■ **WHAT YOU HAVE TO DO**
Go to the line below containing "A miscellaneous character" and print exactly from there through the line containing "Spiral 15' 2", both included. Print nothing else.

■ **RECORD EXTRACTS**
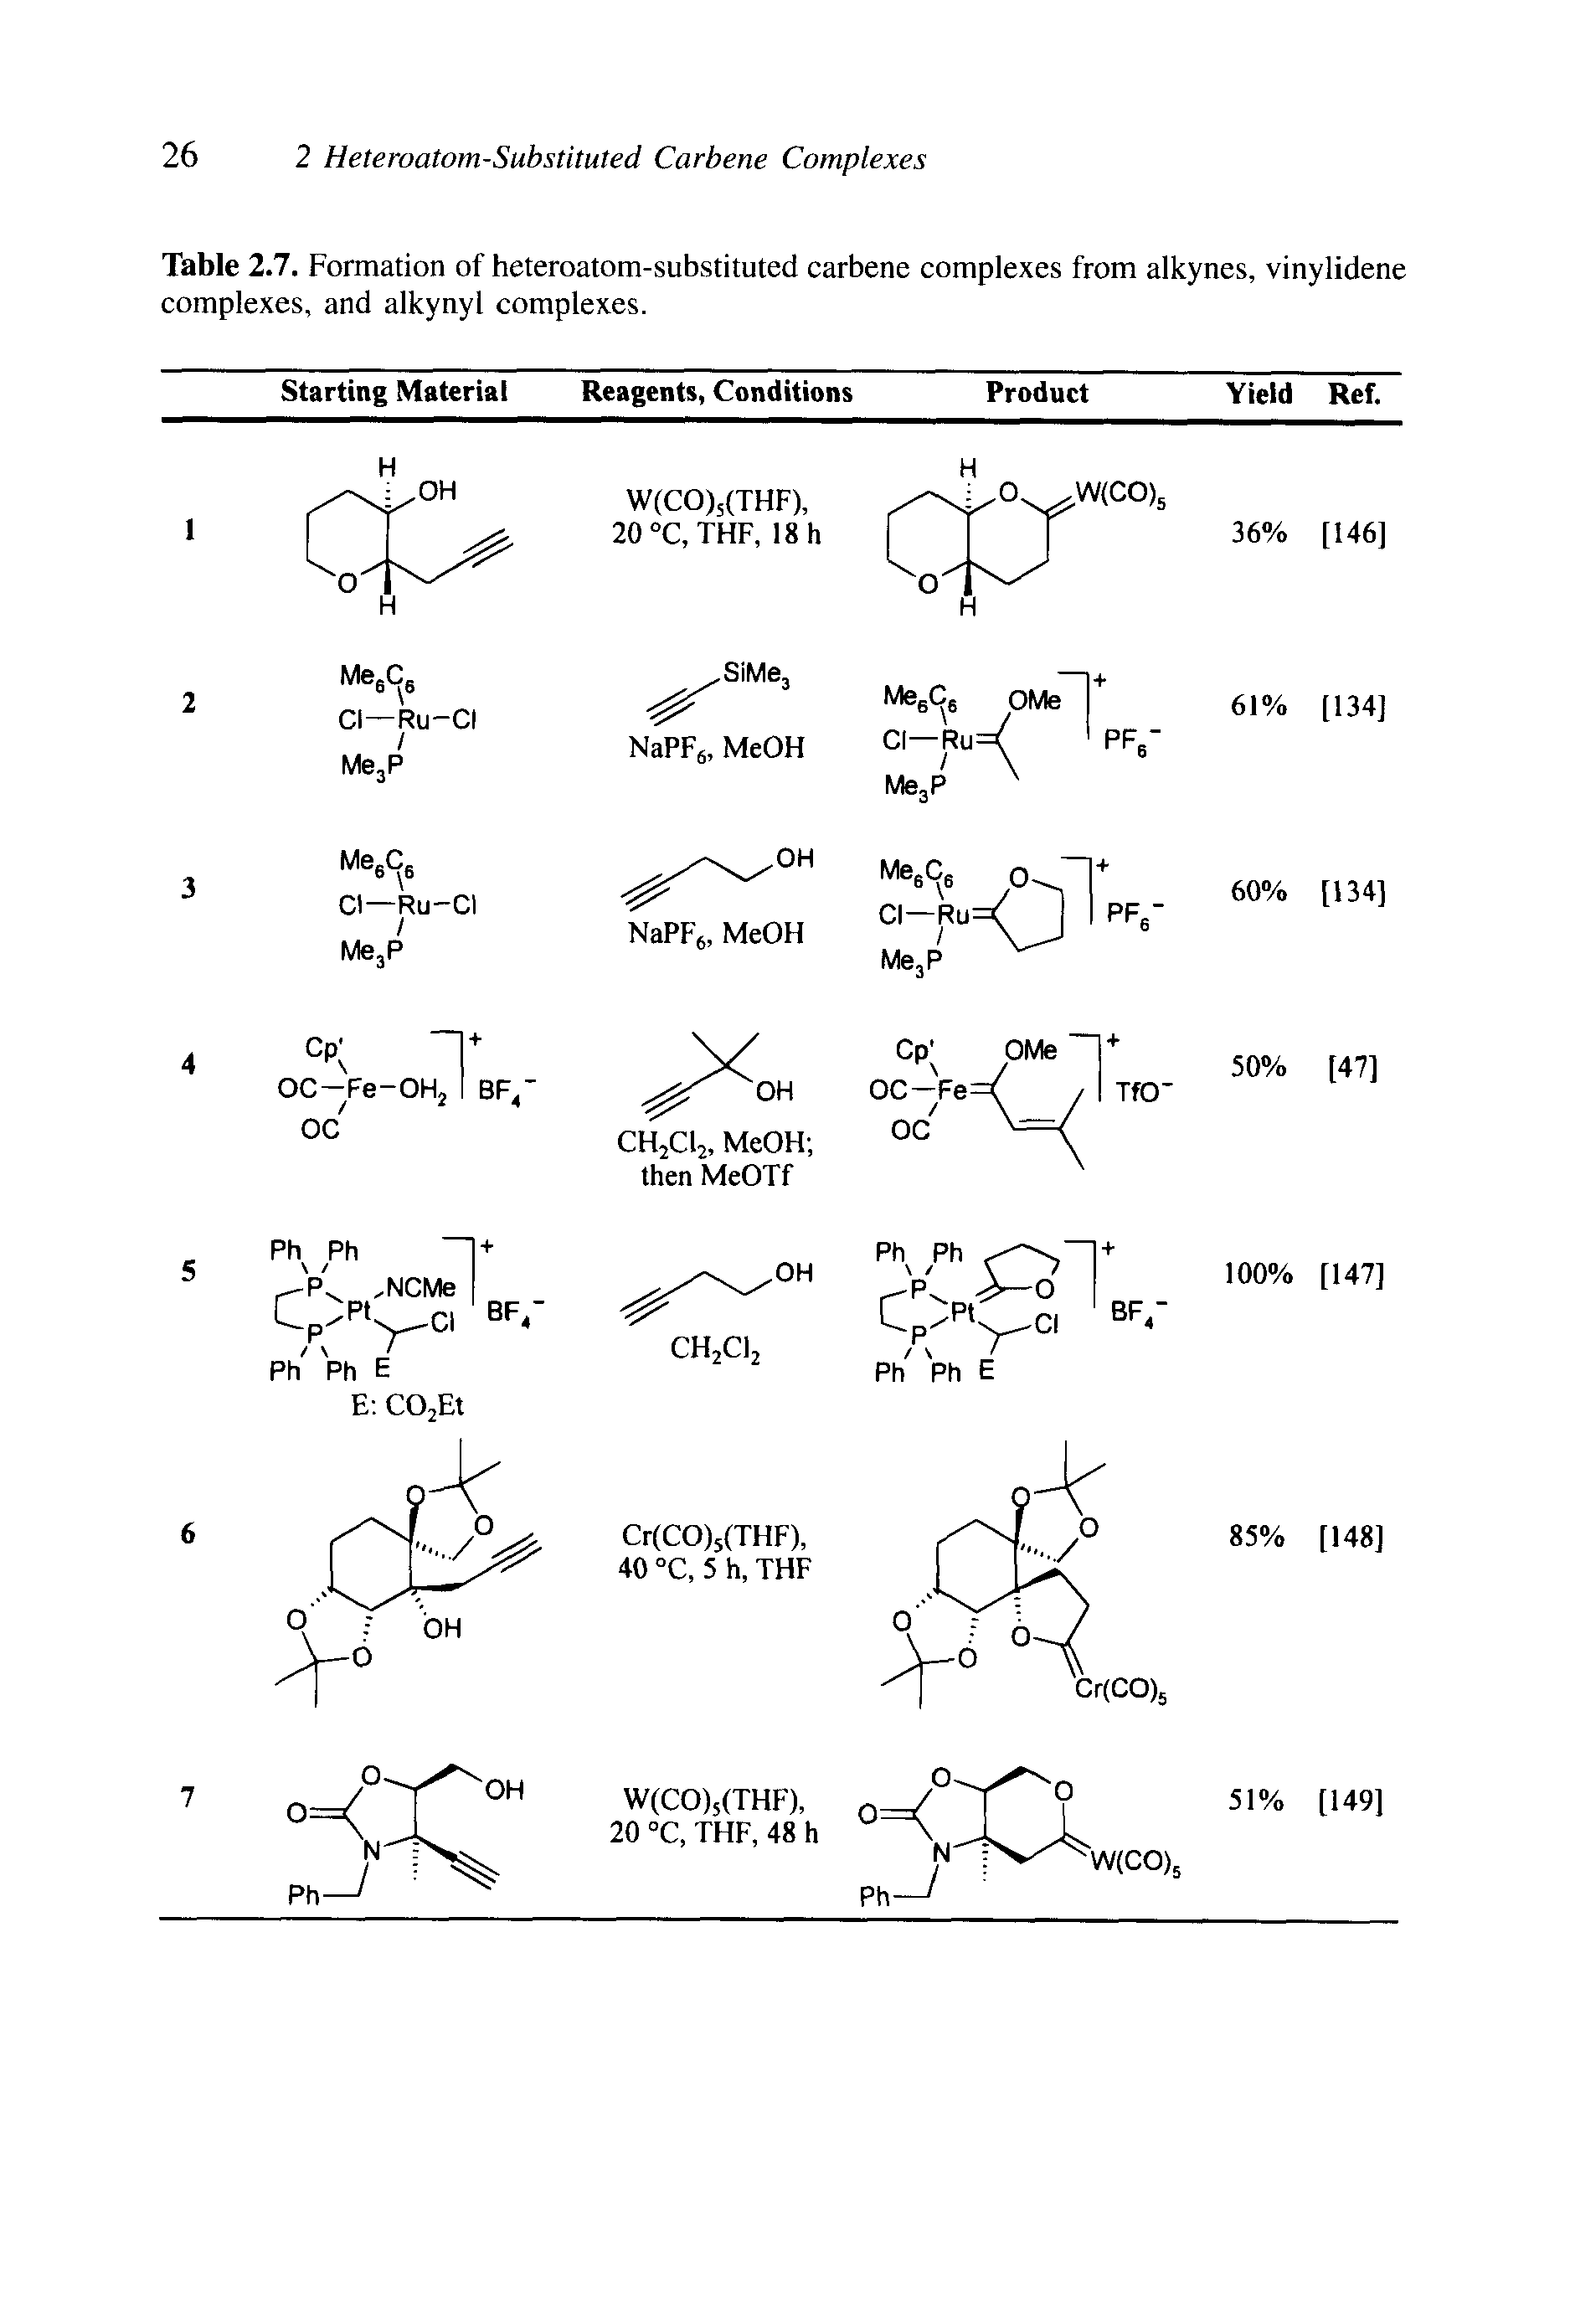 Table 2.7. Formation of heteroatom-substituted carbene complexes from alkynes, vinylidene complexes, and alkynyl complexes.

==

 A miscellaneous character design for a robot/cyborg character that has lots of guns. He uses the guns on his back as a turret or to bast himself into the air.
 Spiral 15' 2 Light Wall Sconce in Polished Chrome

* * *

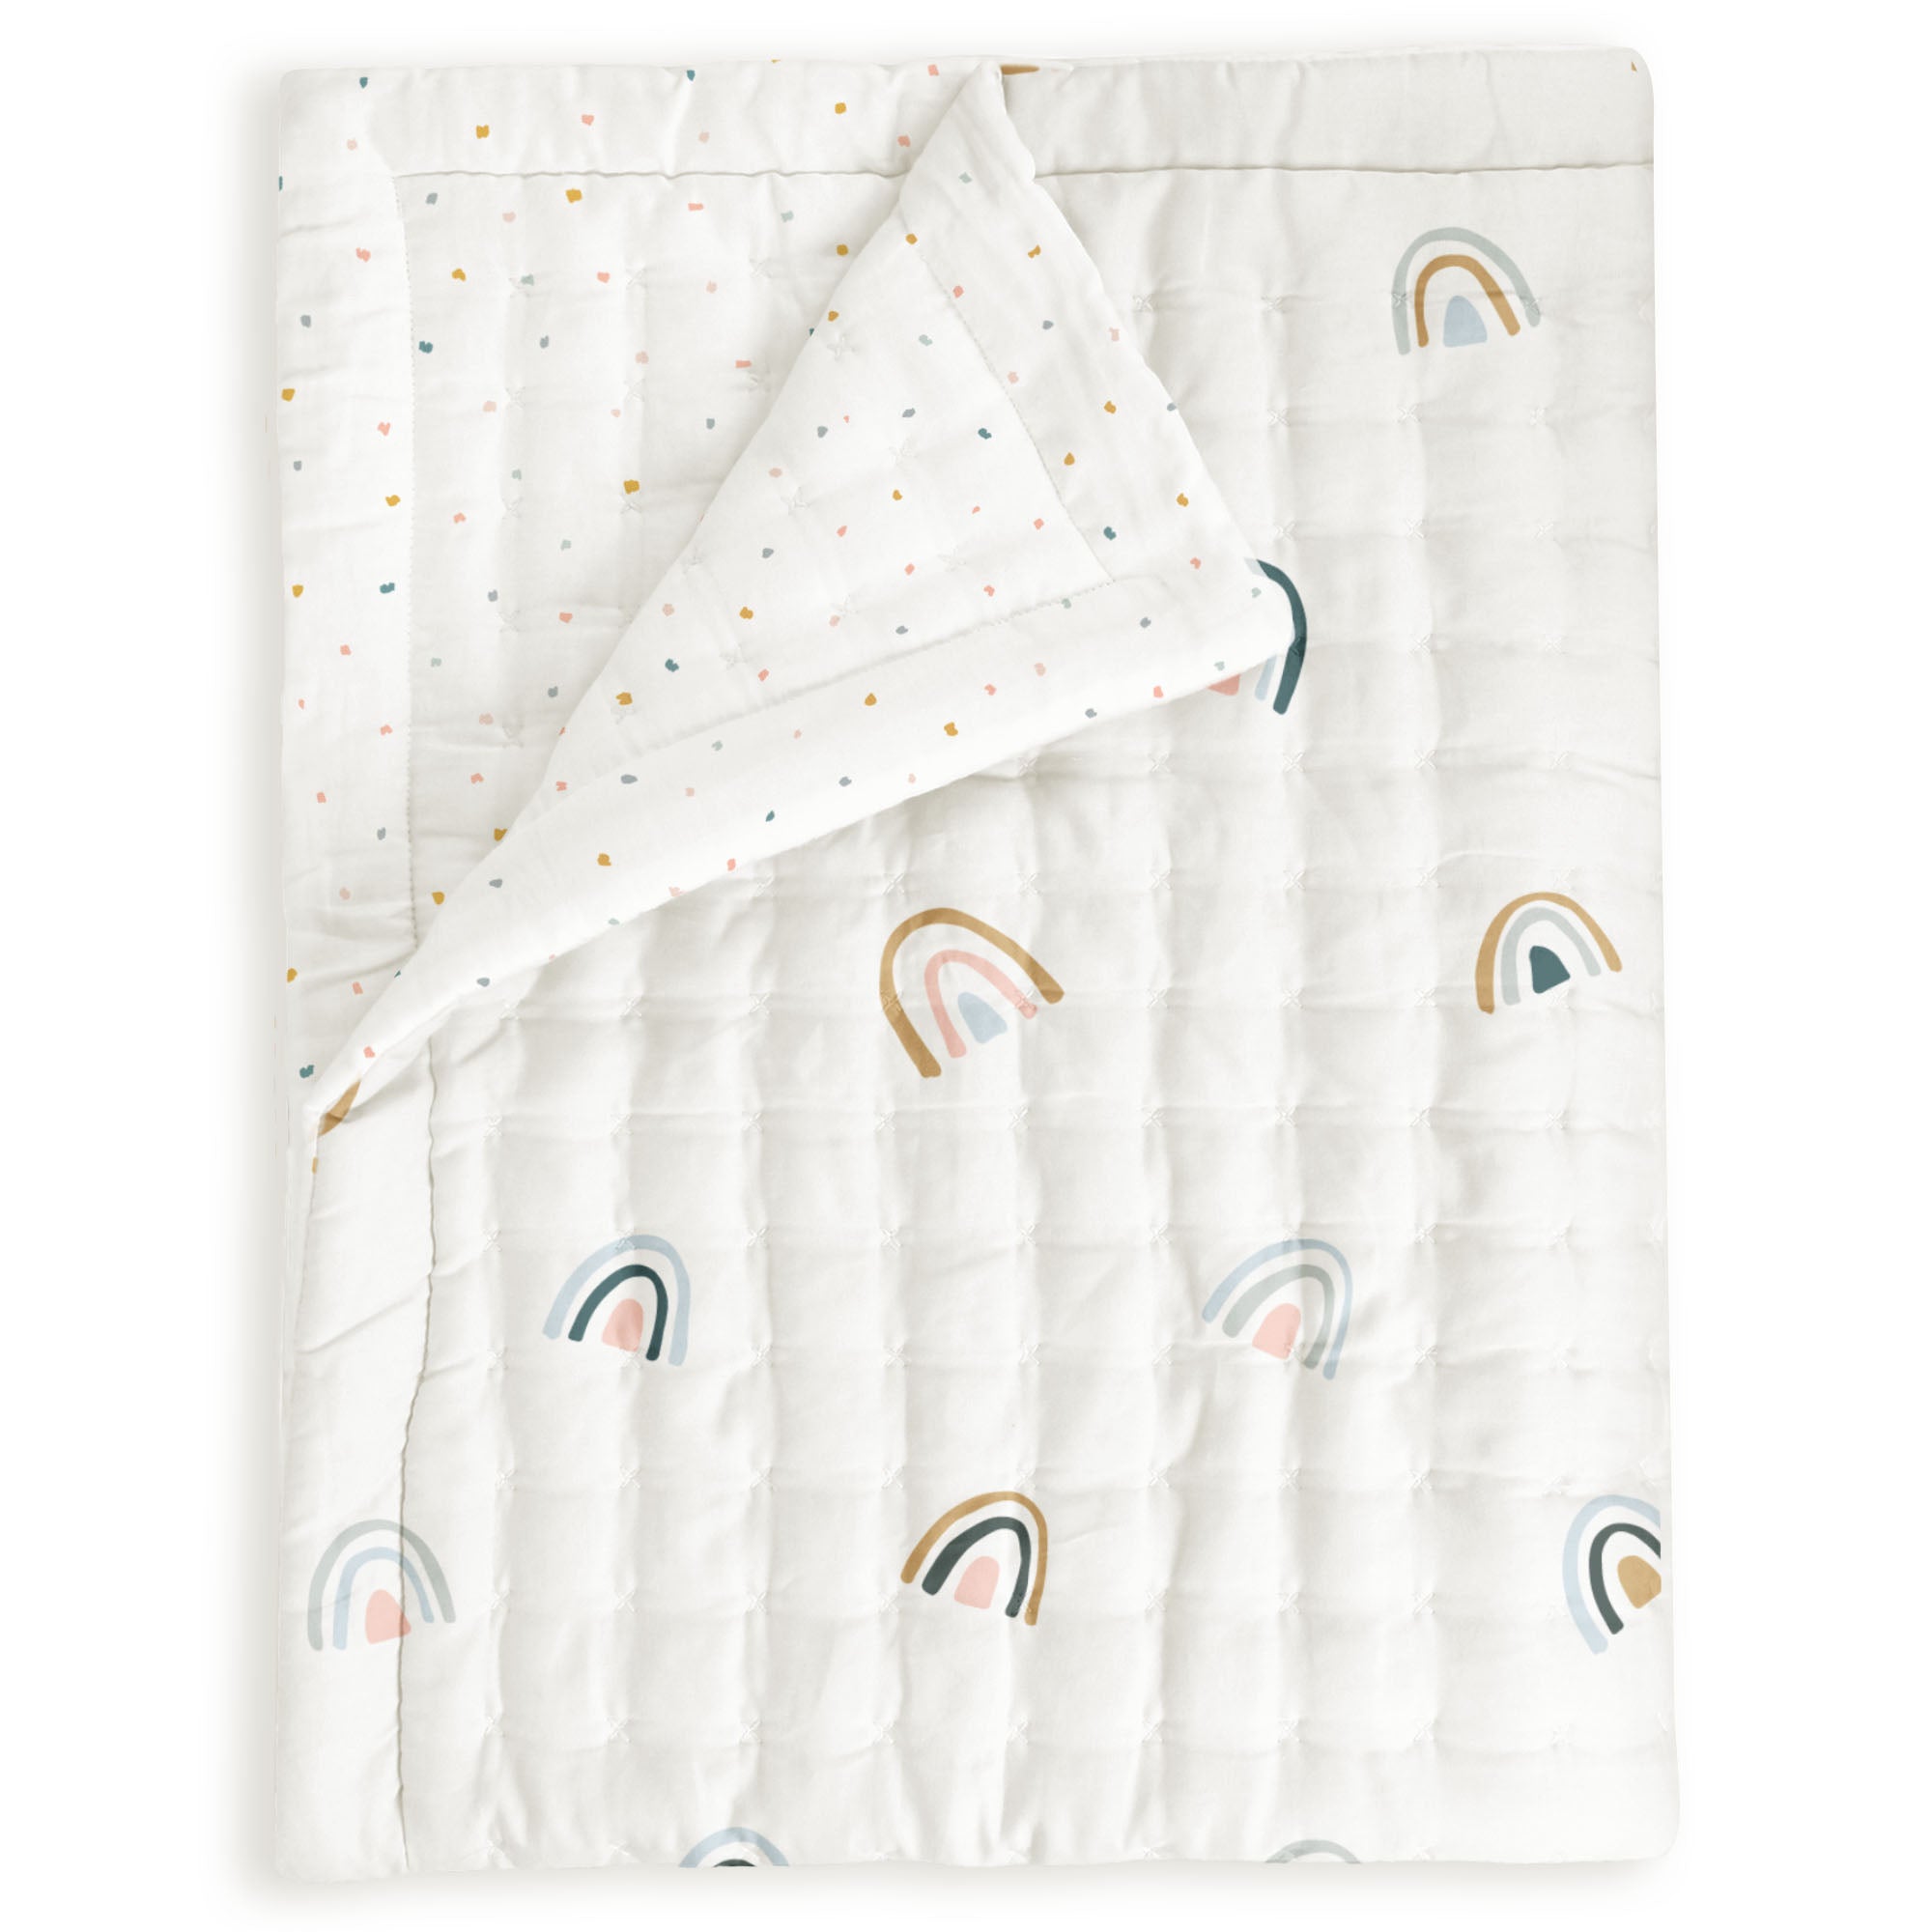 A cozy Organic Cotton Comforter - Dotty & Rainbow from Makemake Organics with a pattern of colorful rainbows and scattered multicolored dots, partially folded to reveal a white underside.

■ **SOLUTION TO THE PROBLEM**
 A miscellaneous character design for a robot/cyborg character that has lots of guns. He uses the guns on his back as a turret or to bast himself into the air.
 Spiral 15' 2 Light Wall Sconce in Polished Chrome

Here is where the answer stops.